Could the listing be repeated exactly, with every picture dropped?
━━━ COLLECTED MATERIAL
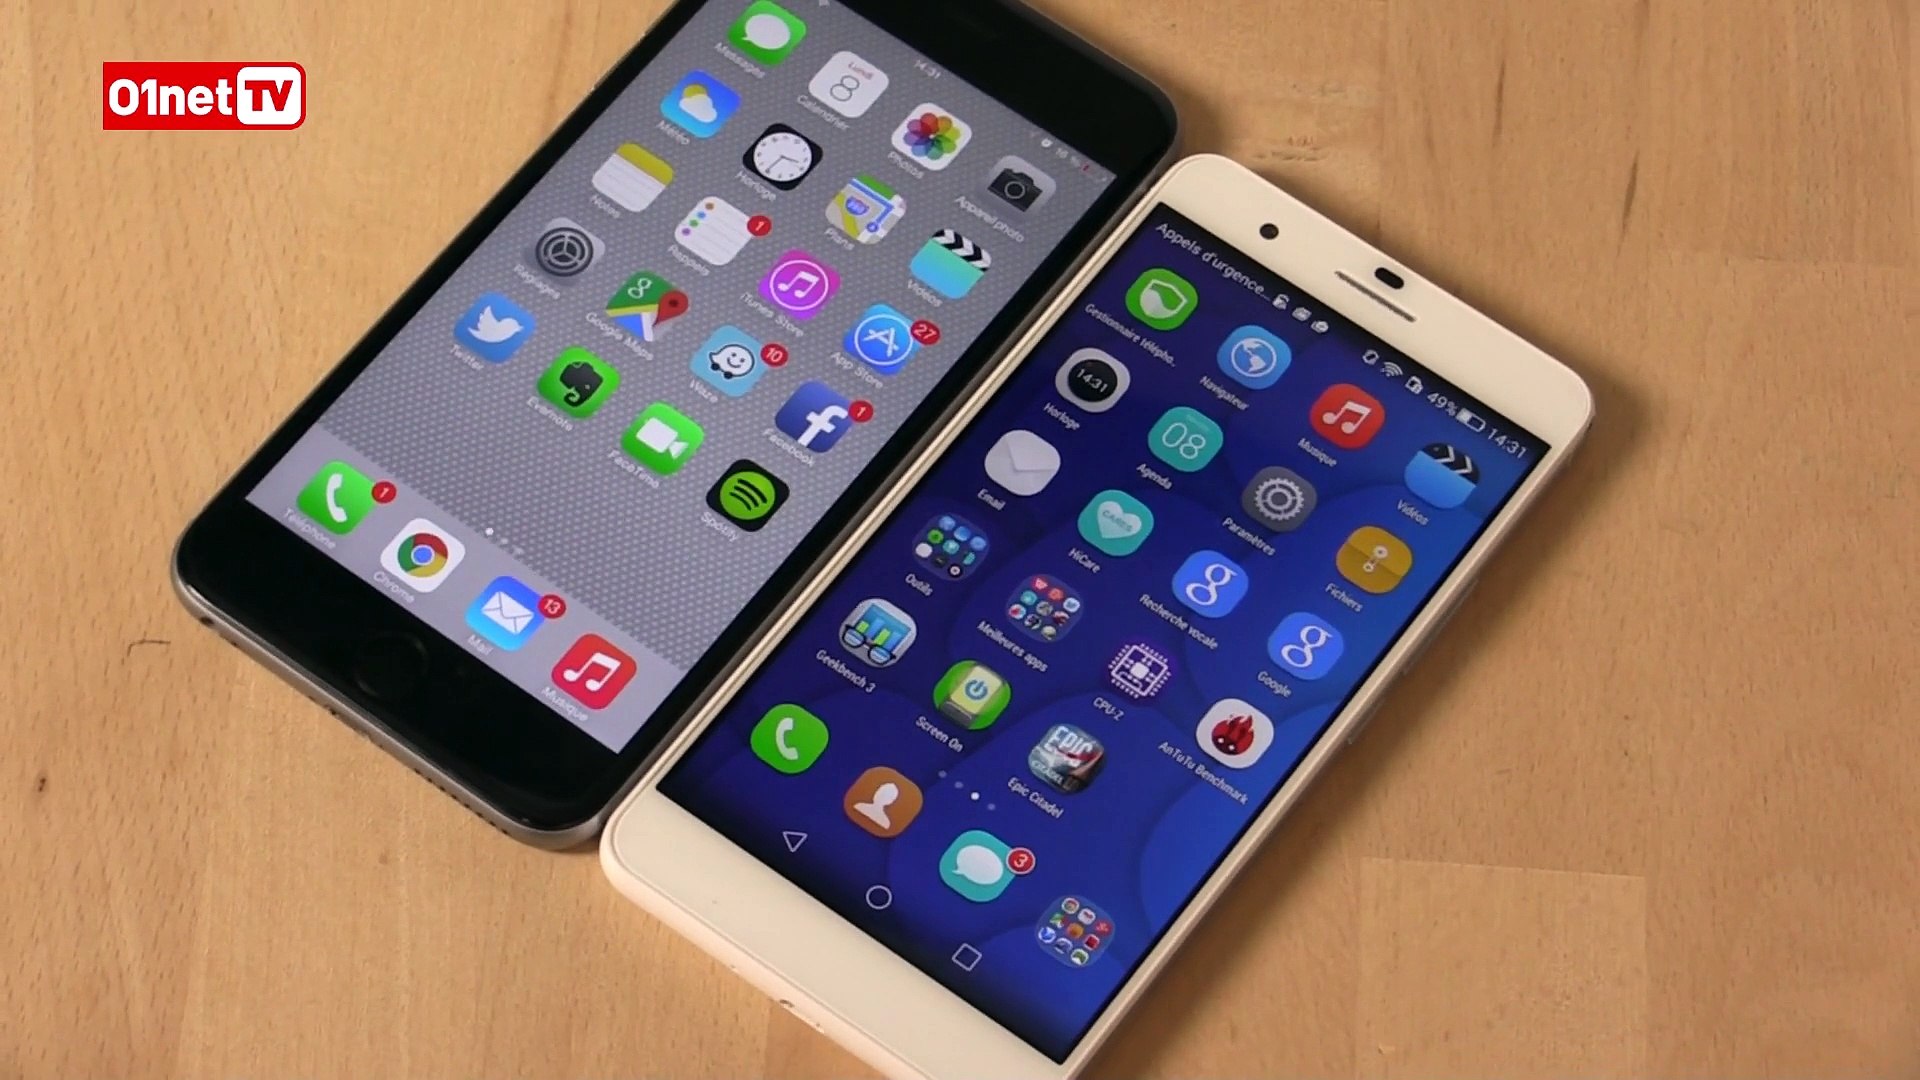 Honor 6 Plus : mieux que l'iPhone 6 Plus ? - Vidéo Dailymotion
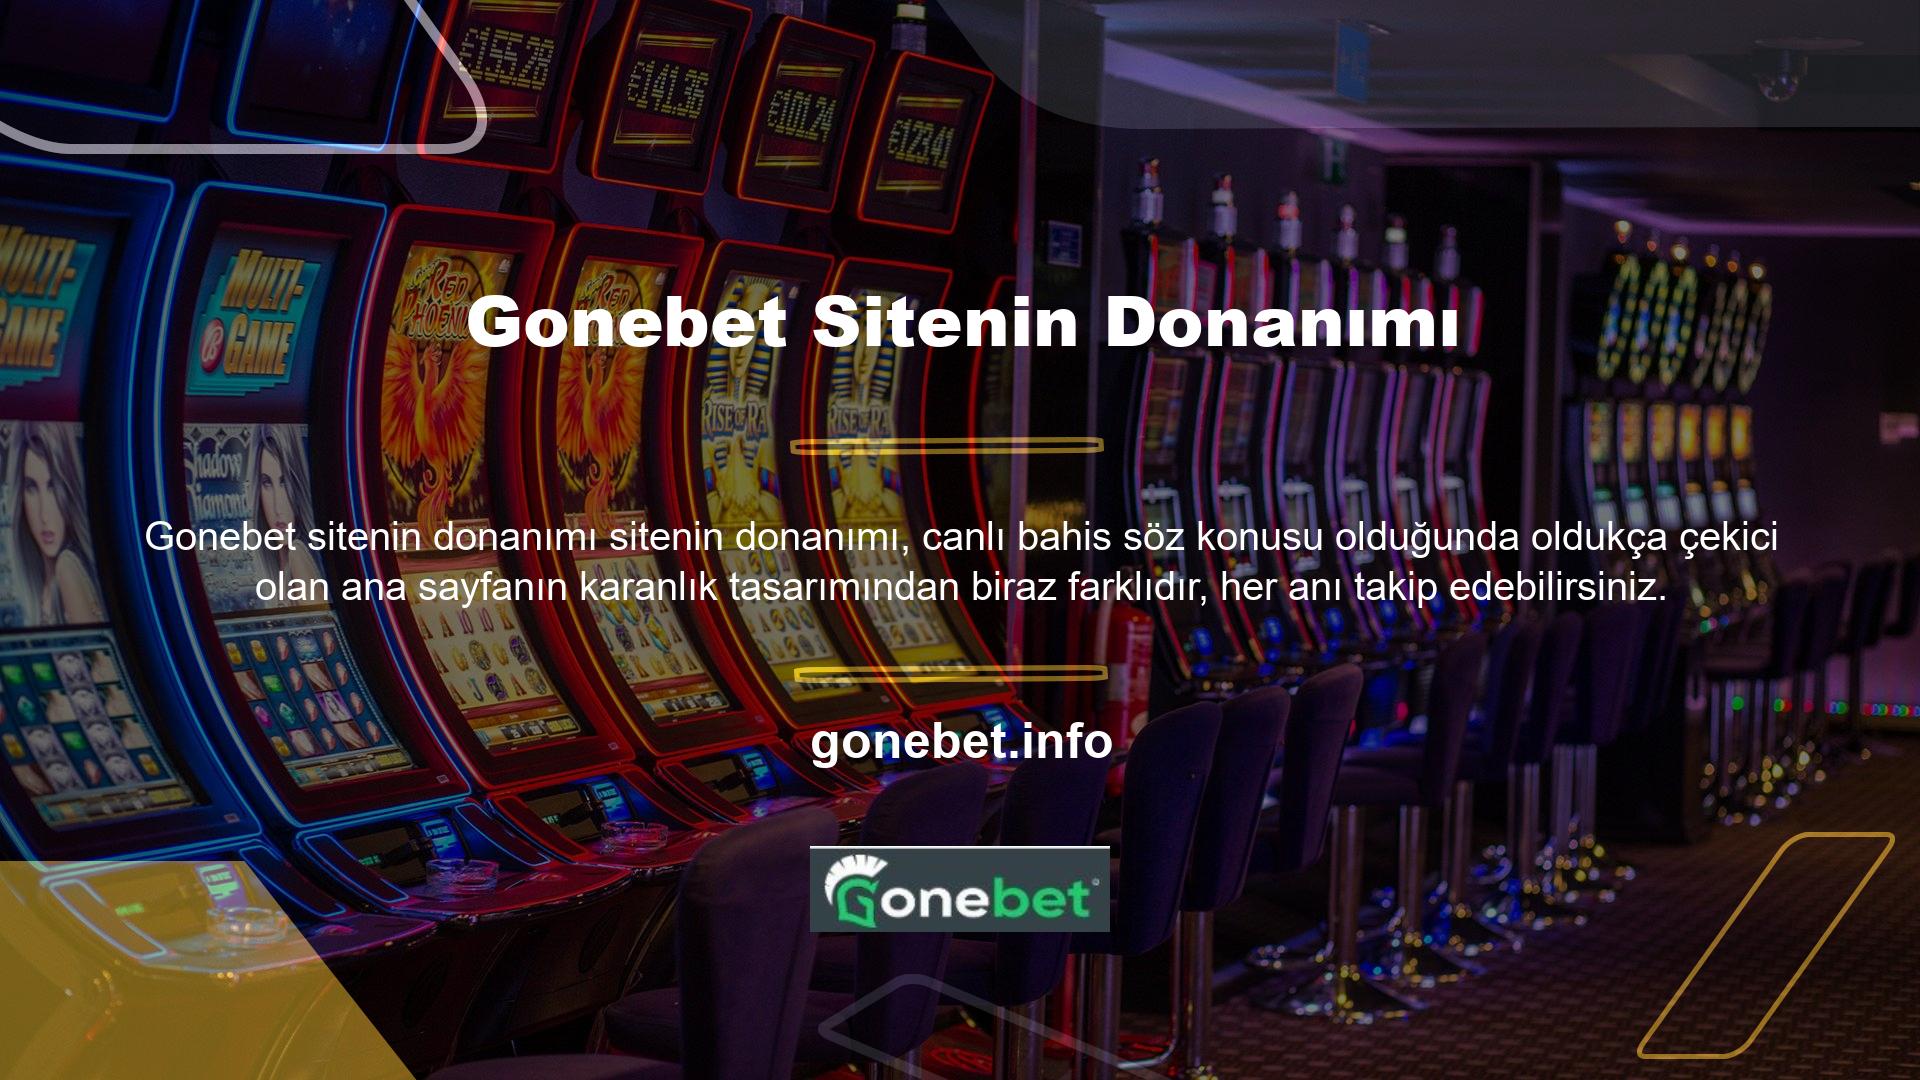 Gonebet, tüm abonelerin en son oranları ve oyunları takip edebileceği masaüstü ve mobil canlı bahisler için tek bir yere sahiptir
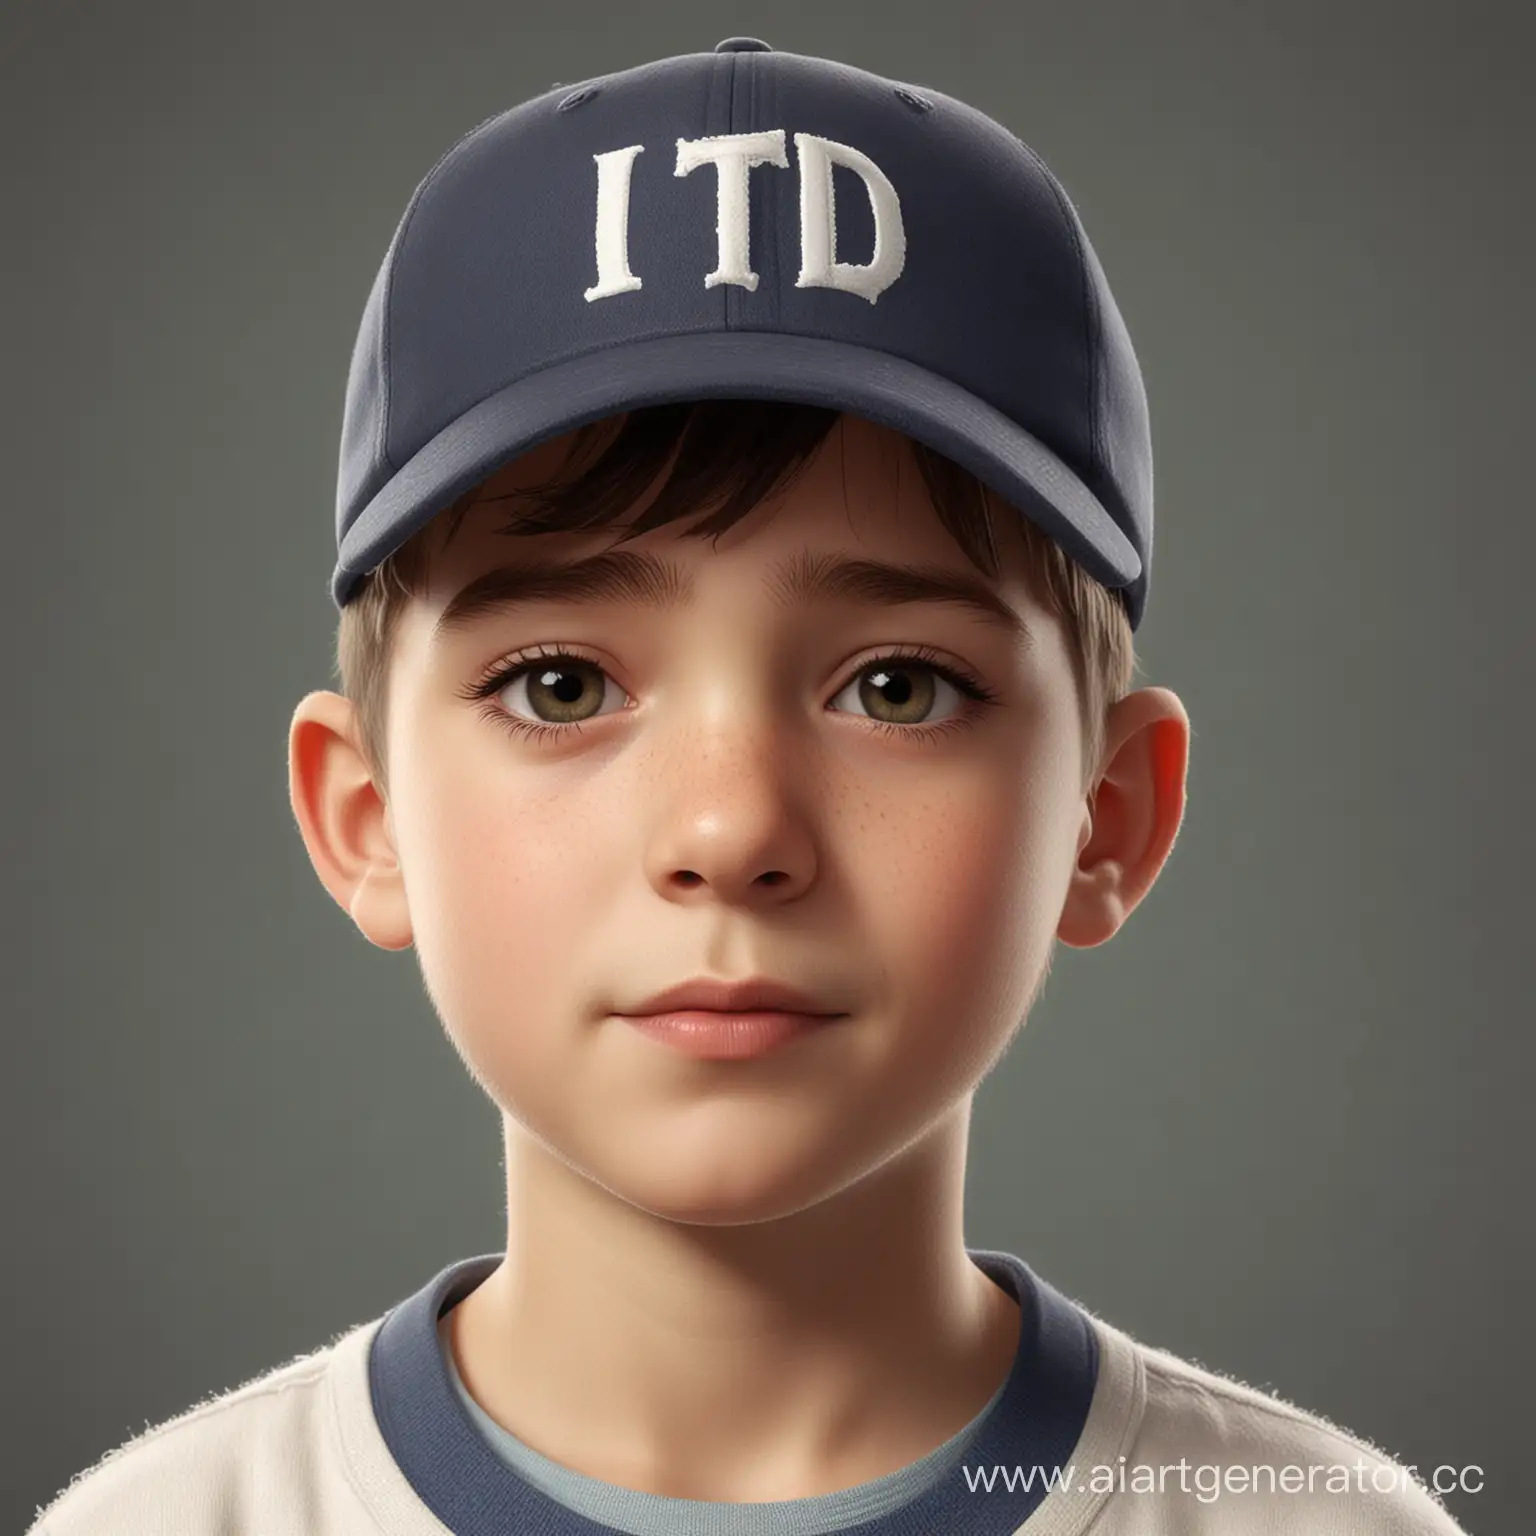 Портрет мальчика в бейсболке. На бейсболке надпись: "ITD" Стиль - мультипликация
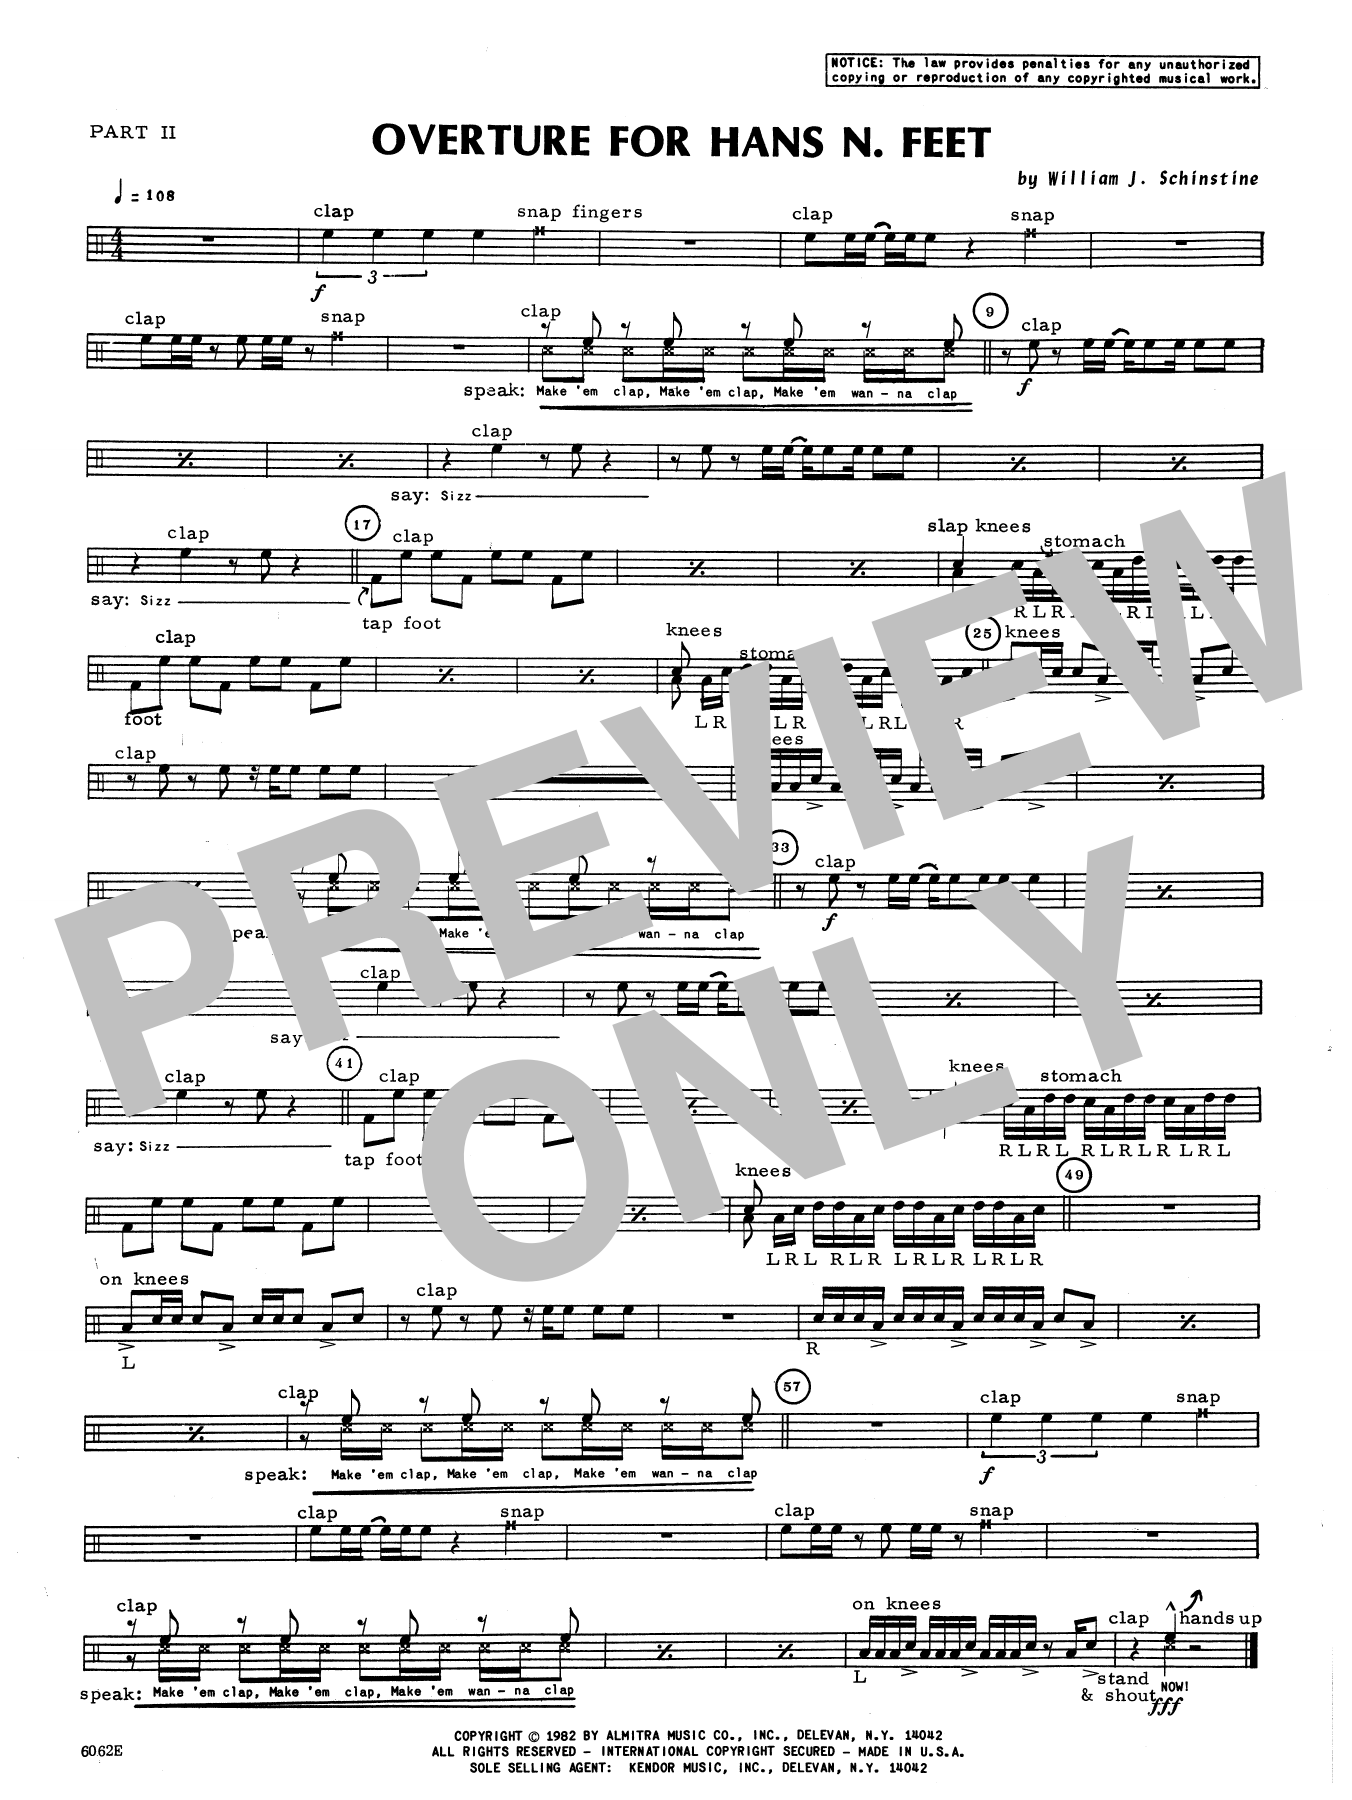 Download William Schinstine Overture For Hans N. Feet - Part 2 Sheet Music
━━━━━━
§ SOLVED EXERCISE
 Honor 6 Plus : mieux que l'iPhone 6 Plus ? - Vidéo Dailymotion
 Gonebet, tüm abonelerin en son oranları ve oyunları takip edebileceği masaüstü ve mobil canlı bahisler için tek bir yere sahiptir
 Портрет мальчика в бейсболке. На бейсболке надпись: "ITD" Стиль - мультипликация
 Download William Schinstine Overture For Hans N. Feet - Part 2 Sheet Music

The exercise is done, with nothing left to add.